Infection and Immunity, September 1998, p. 4469-4473, Vol. 66, No. 9
0019-9567/98/$04.00+0
Copyright © 1998, American Society for Microbiology. All rights reserved.
Role of Immunoglobulin A Monoclonal Antibodies
against P23 in Controlling Murine Cryptosporidium
parvum Infection
F. Javier
Enriquez,* and
Michael W.
Riggs
Department of Veterinary Science and
Microbiology, University of Arizona, Tucson, Arizona 85721
Received 26 March 1998/Returned for modification 1 June
1998/Accepted 10 June 1998
 |
ABSTRACT |
Cryptosporidium parvum is an important diarrhea-causing
protozoan parasite of immunocompetent and immunocompromised hosts. Immunoglobulin A (IgA) has been implicated in resistance to mucosal infections with bacteria, viruses, and parasites, but little is known
about the role of IgA in the control of C. parvum
infection. We assessed the role of IgA during C. parvum infection in neonatal mice. IgA-secreting hybridomas were
developed by using Peyer's patch lymphocytes from BALB/c mice which
had been orally inoculated with viable C. parvum
oocysts. Six monoclonal antibodies (MAbs) were selected for further
study based on indirect immunofluorescence assay reactivity with
sporozoite and merozoite pellicles and the antigen (Ag) deposited on
glass substrate by gliding sporozoites. Each MAb was secreted in
dimeric form and recognized a 23-kDa sporozoite Ag in Western
immunoblots. The Ag recognized comigrated in sodium dodecyl
sulfate-polyacrylamide gel electrophoresis with P23, a previously
defined neutralization-sensitive zoite pellicle Ag.

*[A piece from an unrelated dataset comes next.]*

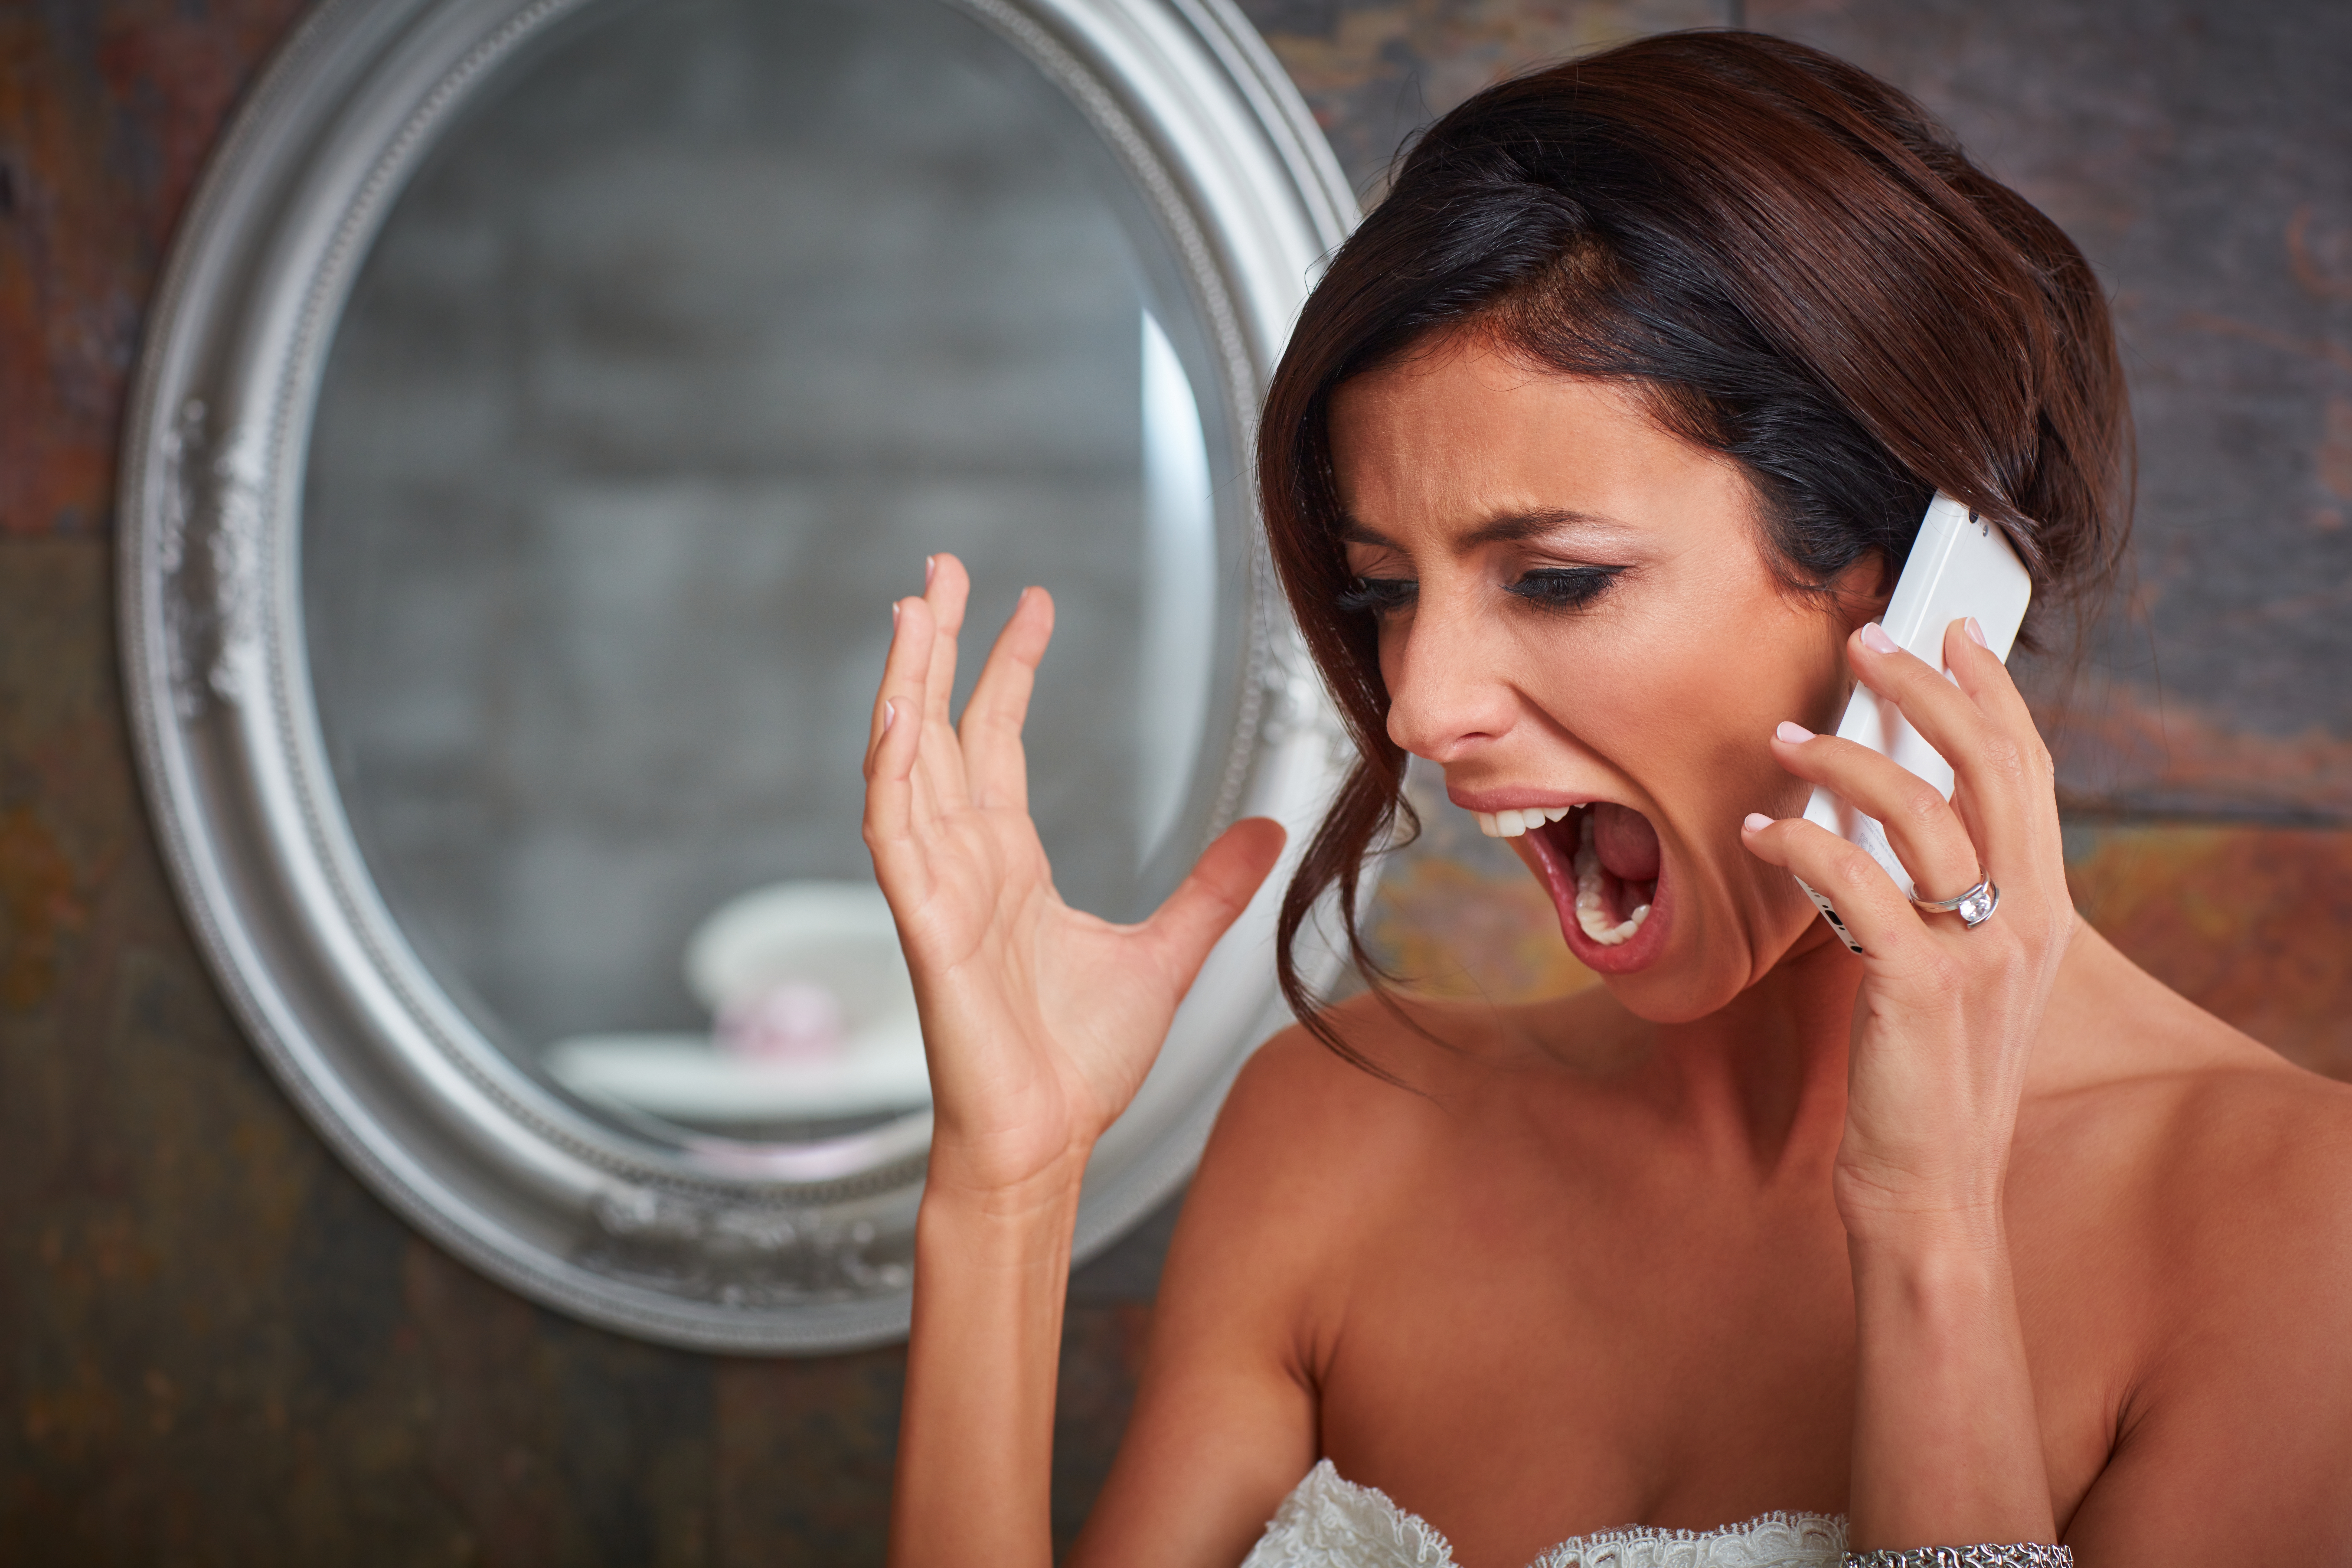 Une mariée qui crie tout en parlant au téléphone | Source : Shutterstock

MAbs were evaluated
for prophylactic or therapeutic efficacy against C. parvum, singly and in combinations, in neonatal BALB/c mice. A
combination of two MAbs given prophylactically prior to and 12 h
following oocyst challenge reduced the number of intestinal parasites
scored histologically by 21.1% compared to the numbers in mice given
an isotype-matched control MAb (P < 0.01). Individual MAbs given therapeutically in nine doses over a 96-h period following oocyst challenge increased efficacy against C. parvum
infection. Four MAbs given therapeutically each reduced intestinal
infection 34.4 to 42.2% compared to isotype-matched control
MAb-treated mice (P < 0.05). One MAb reduced
infection 63.3 and 72.7% in replicate experiments compared to
isotype-matched control MAb-treated mice (P < 0.0001). We conclude that IgA MAbs directed to neutralization-sensitive P23 epitopes may have utility in passive immunization against murine
C. parvum infection.
| |
INTRODUCTION |
Since the first case of human
cryptosporidiosis was described in 1976, the coccidian parasite
Cryptosporidium parvum has become recognized as an important
diarrhea-causing agent worldwide (13, 41).

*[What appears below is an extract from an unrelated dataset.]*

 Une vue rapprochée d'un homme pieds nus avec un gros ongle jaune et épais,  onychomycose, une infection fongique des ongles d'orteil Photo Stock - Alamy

Immunocompromised individuals such as AIDS patients are particularly
susceptible and exhibit an unrelenting infection which may progress to
death (13, 41). No commercially available antiparasite
chemotherapy is consistently effective in treating such patients
(6). Passive immunization with antibodies (Abs) against
whole C. parvum organisms has variable efficacy in
immunocompromised or neonatal hosts (1, 5, 9, 12, 24, 25, 31, 37, 39, 40, 42). Recovery from and resistance to cryptosporidiosis require principally cellular, but also humoral, immune components in
immunocompetent hosts (31, 45). Despite anti-C.
parvum Ab responses, AIDS patients with cryptosporidiosis fail to
clear the infection (4). However, the relative success of
orally administered Abs to immunodeficient hosts suggests that passive humoral immunization can control intestinal C. parvum
infection (5, 24, 25, 31, 32, 39, 40, 42, 45).
Although C. parvum is a mucosal pathogen, the role
of immunoglobulin A (IgA) during infection has only recently
received attention. IgA to 15- to 17-, 23-, 26-, and 33-kDa antigens of
C. parvum sporozoites has been detected in intestinal
washes and serum from infected humans and mice (4, 30, 36).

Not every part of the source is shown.